= Leonard H. Rome =

American biochemist

Leonard H. Rome is a cell biologist and biochemist who has been a faculty member of the David Geffen School of Medicine at UCLA, since he joined the Department of Biological Chemistry there, in 1979. He became a full professor in 1988 and has also served as the Senior Associate Dean for Research in the Geffen School of Medicine from 1997 to 2012. He is the Associate Director of the California NanoSystems Institute (CNSI) since 2004, and was Interim Director from 2007-2009. In addition, he served from 2001 to 2005 as University of California, Los Angeles (UCLA) Associate Vice Chancellor for Research for the Life and Health Sciences.

Rome earned his B.S. in chemistry and M.S. and Ph.D. in biochemistry (biological chemistry) at the University of Michigan Health System with William E.M. Lands. He was a postdoctoral fellow at the National Institutes of Health, where he worked with Elizabeth F. Neufeld on lysosome biogenesis and lysosomal storage diseases. His laboratory research at UCLA centers on a novel cellular organelle called a vault which he and a former postdoc, Nancy Kedersha, discovered in 1986. Rome is the past chair of the Association of American Medical Colleges (AAMC) Group on Research Advancement and Development (GRAND).

== Research ==
Rome’s lab is using molecular engineering of a naturally occurring cellular structure called a vault to develop a flexible, targetable nanoscale capsule. Vaults are abundant cellular particles of unknown function found in nearly all eukaryotes (cells containing a nucleus). In 1986, Rome and his then postdoctoral associate Nancy Kedersha were the first investigators to isolate and describe the vault particle. Cryo-electron microscopy, plus single particle reconstruction, has provided overall dimensions of the vault at 42 x 75 nanometers (a nanometer is a billionth of a meter). These measurements indicate that the vault is larger in mass and size than many viruses. The overall structure of the intact vault is like a hollow barrel with two protruding caps and an indented waist with a very thin shell surrounding an internal cavity large enough to encompass several hundred proteins. Thus, the vault particle is a nanocapsule with high potential to encapsulate, protect, and deliver compounds. Using a well-characterized insect virus into which a cloned gene can be easily inserted, it is possible to produce large amounts of a given protein in cultured insect cells.
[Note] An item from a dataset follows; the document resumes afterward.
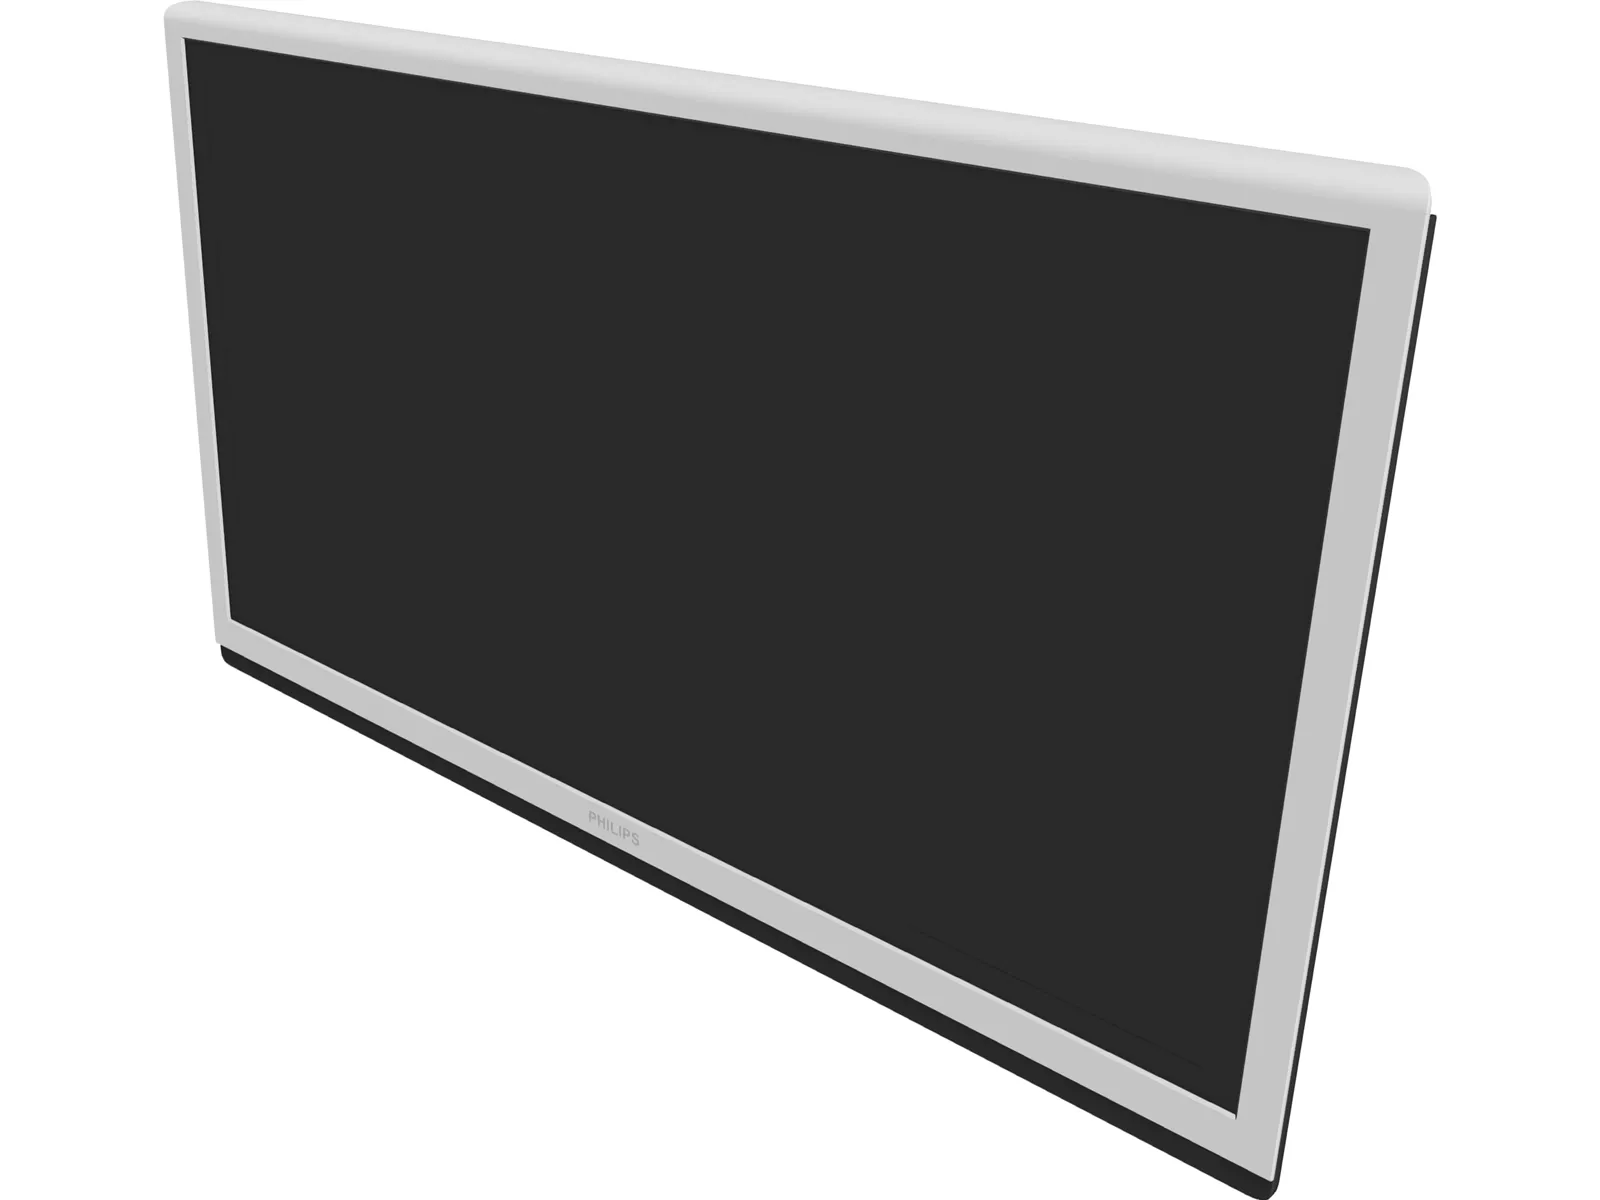 Philips LED TV 42 inch (2013) 3D Model
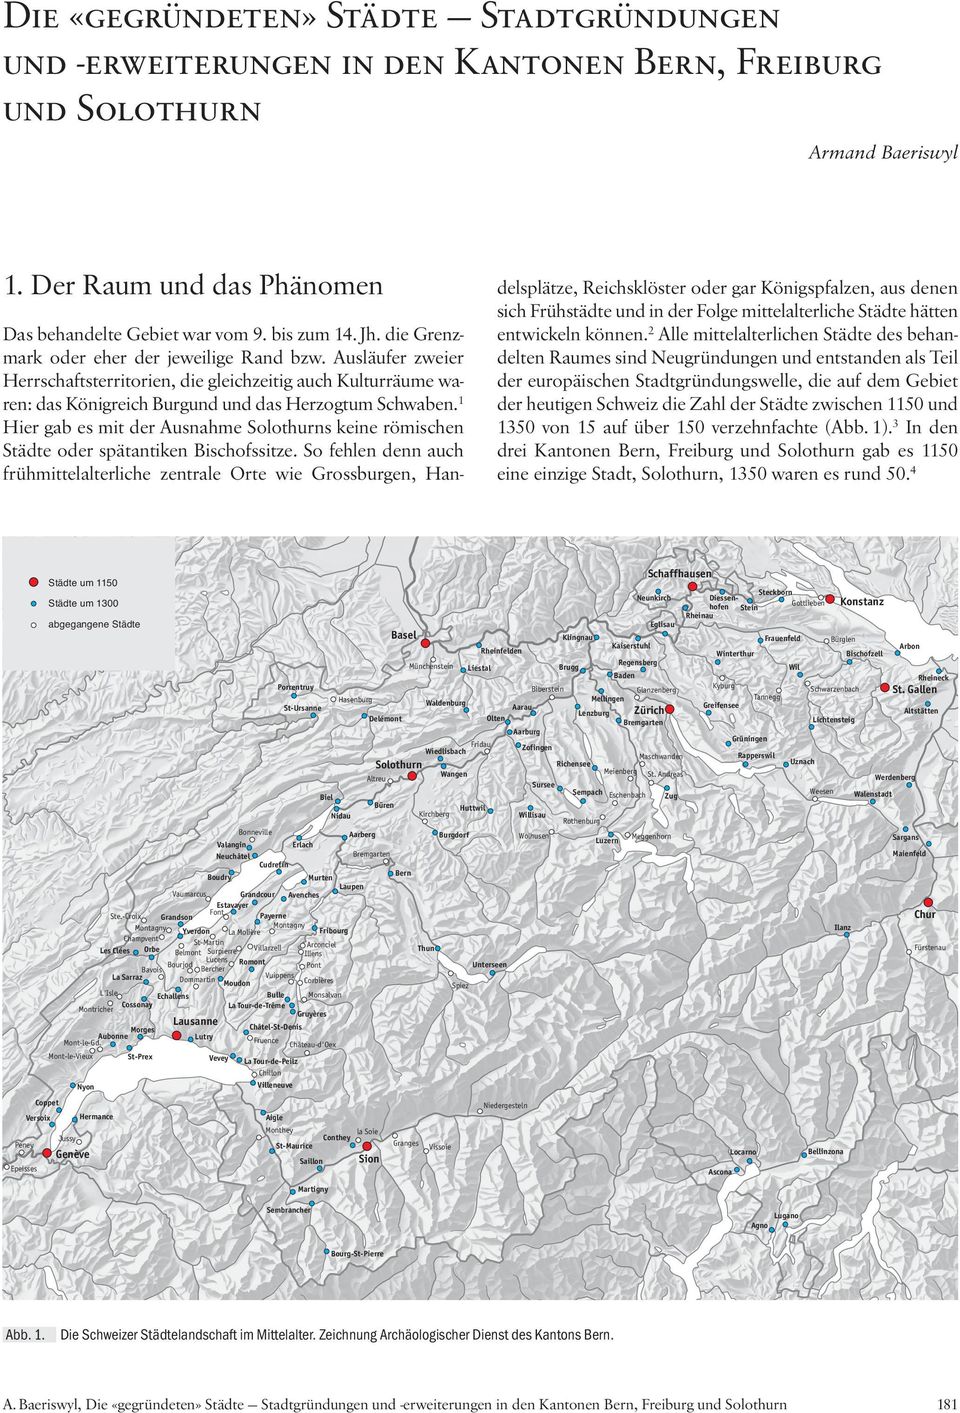 1 Hier gab es mit der Ausnahme Solothurns keine römischen Städte oder spätantiken Bischofssitze.

The Rome lab has collaborated with several groups to use the baculovirus system to produce large amounts of vaults. When the major vault protein (MVP) is expressed in insect cells, vault particles are assembled on polysomes (polyribosomes) in the cytoplasm. By using molecular genetic methods to modify the gene encoding the major vault protein, vault particles have been produced with chemically active peptides attached to their sequence. These modified proteins are incorporated into the inside of the vault particle without altering its basic structure.

In 2003, Rome cofounded a company called Vault Pharma Inc., to move the first vault therapeutic into a phase I clinical trial. This vault is packaged with a chemokine and will be used to activate the immune system to attack lung cancer. As of 2012, Vault Pharma is working with Protein Sciences Corp., to develop the GLP/cGMP manufacture of this vault-based therapeutic.